Required action -
Leave the pictures out and repeat the rest of the data below exactly.

Source data -

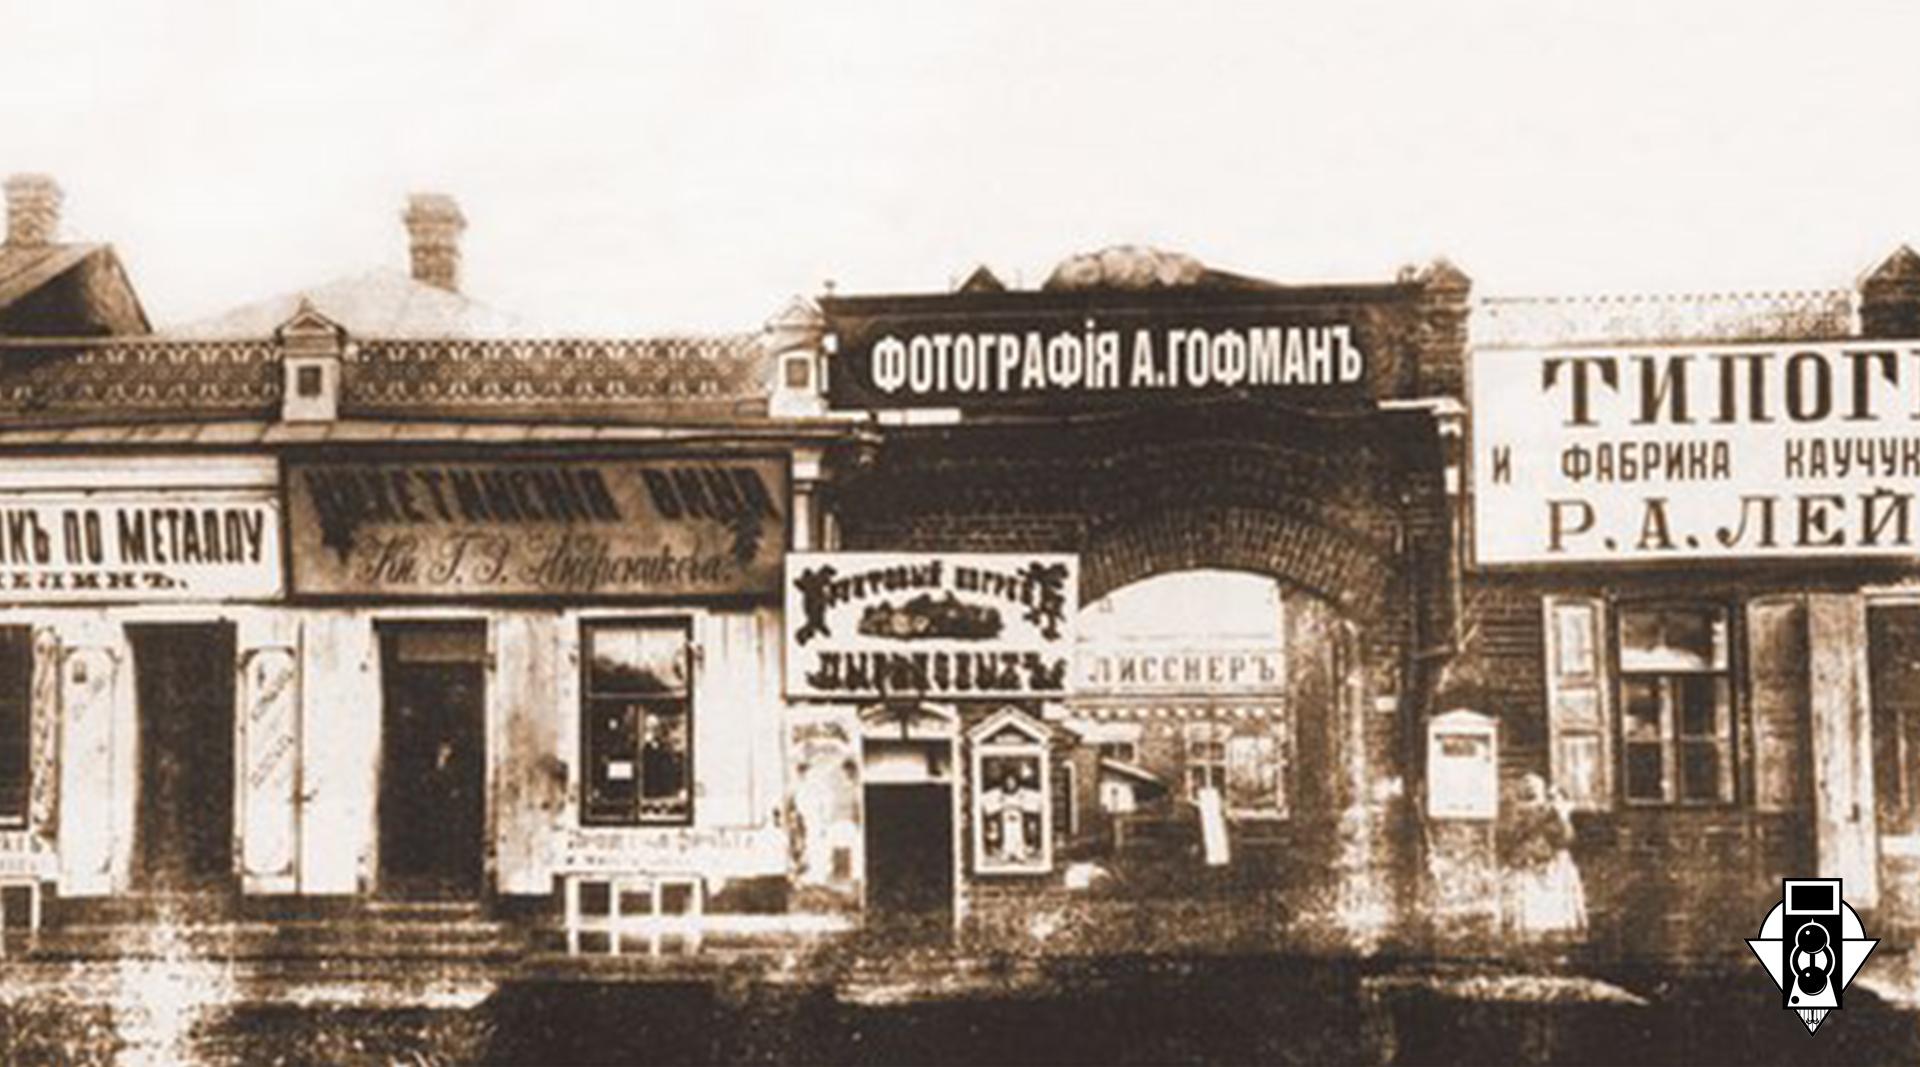 Фотография в Сибири. Первые шаги и скандалы
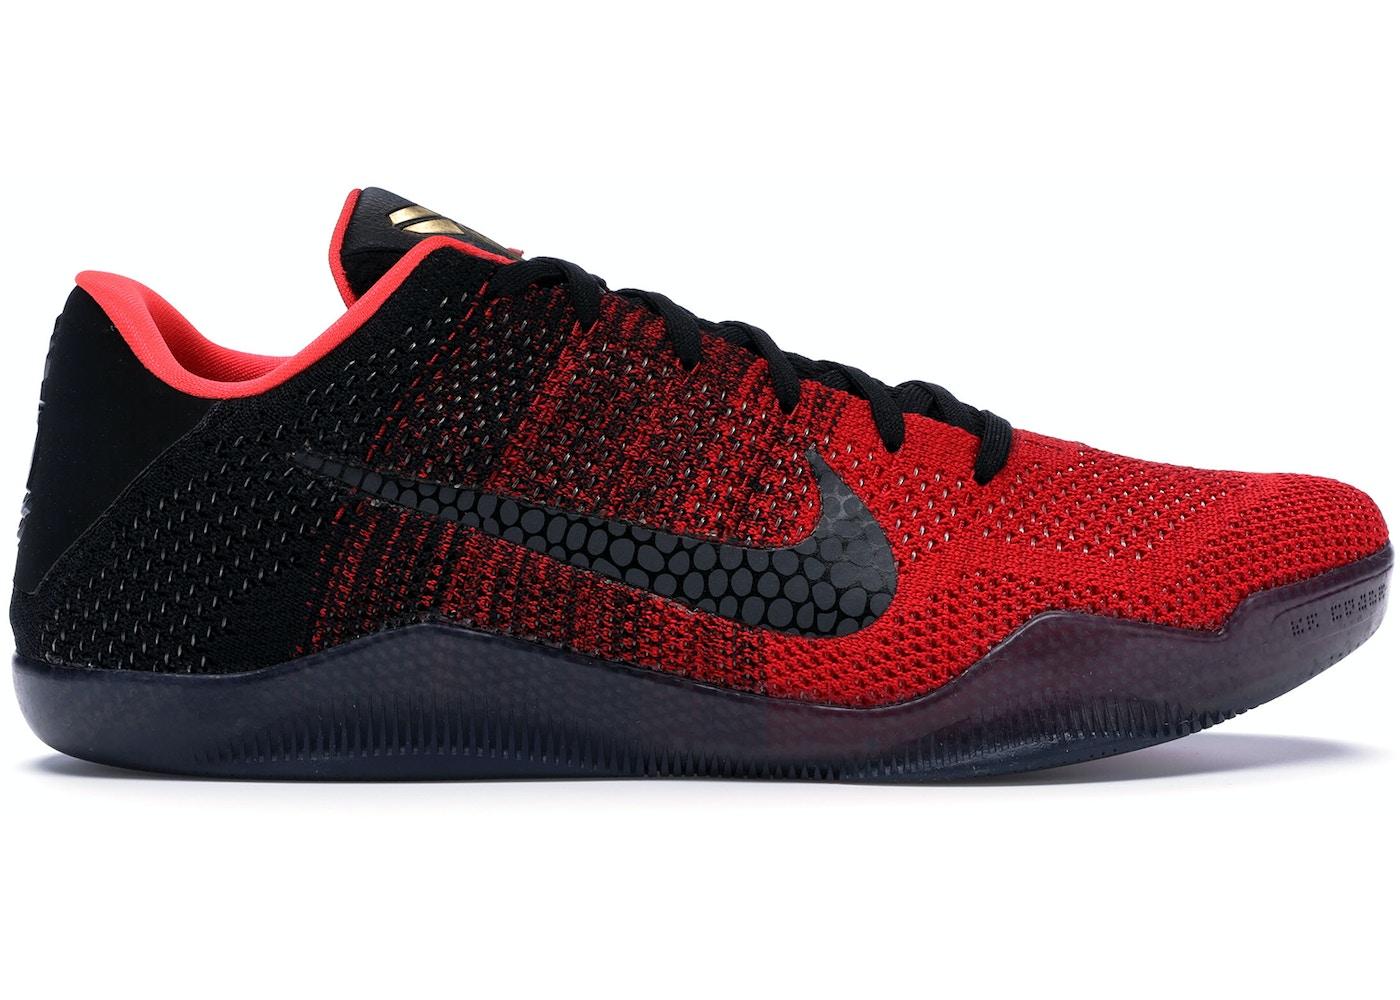 9df28e23f620 Buy Nike Kobe 11 Shoes   Deadstock Sneakers
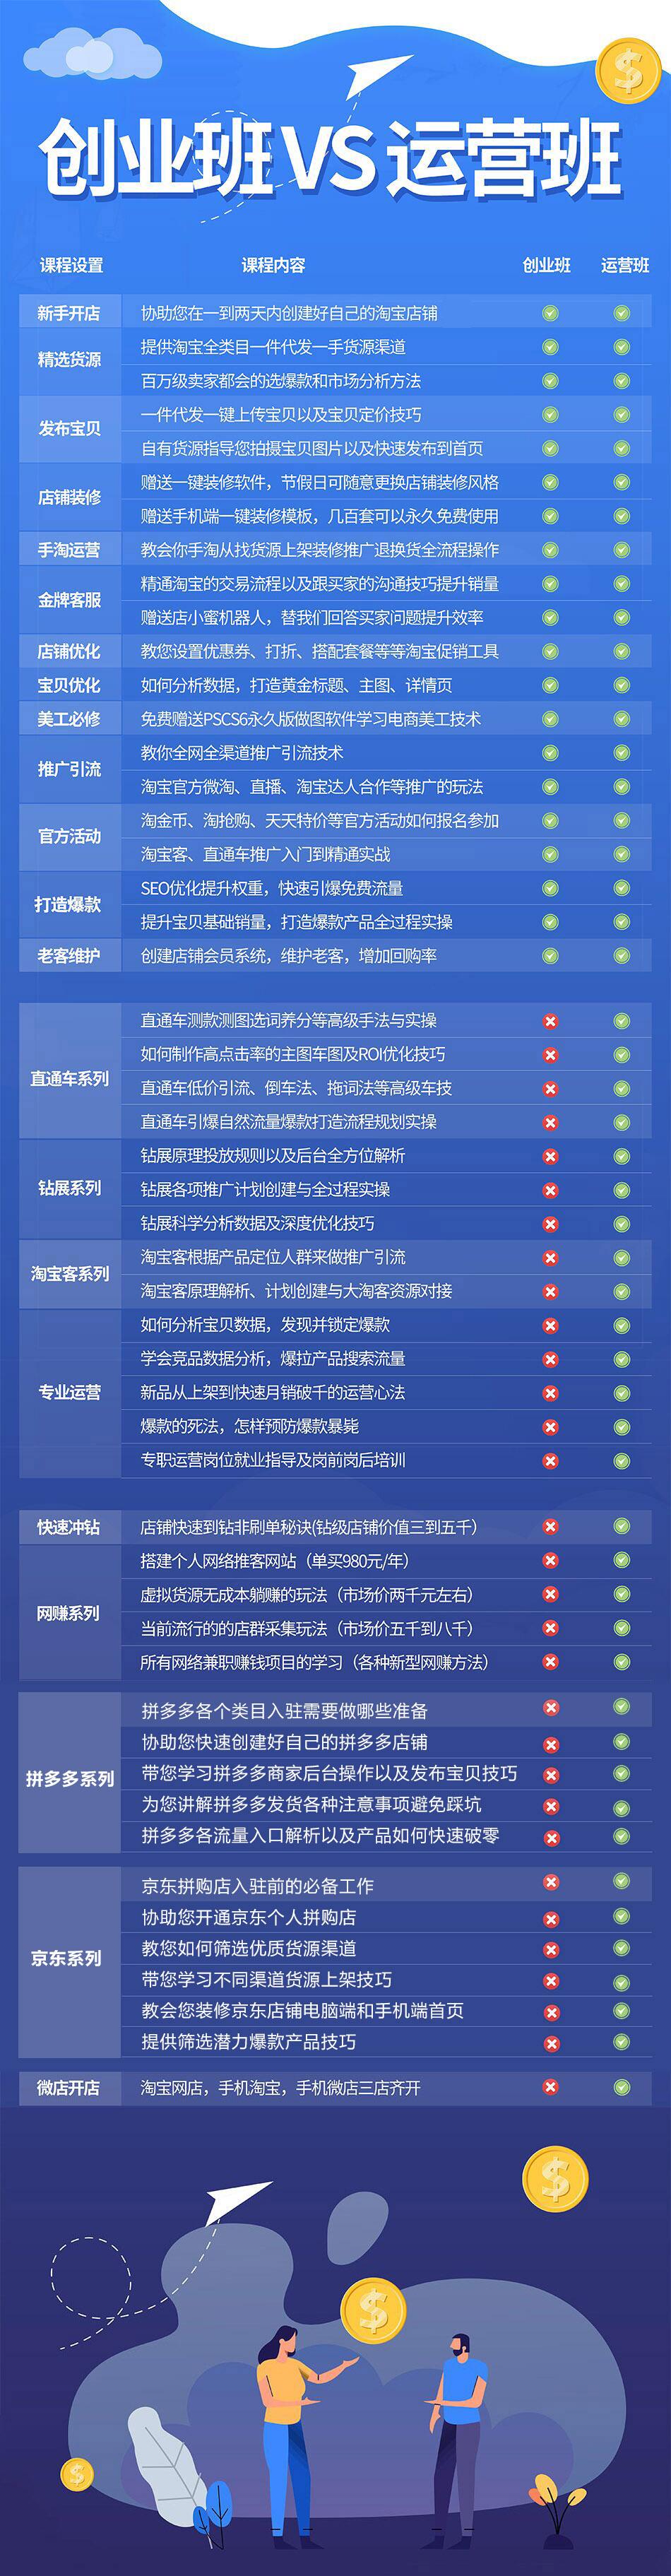 3.23创业班与运营班差别2.jpg

Answer area -
 Фотография в Сибири. Первые шаги и скандалы
 9df28e23f620 Buy Nike Kobe 11 Shoes   Deadstock Sneakers
 3.23创业班与运营班差别2.jpg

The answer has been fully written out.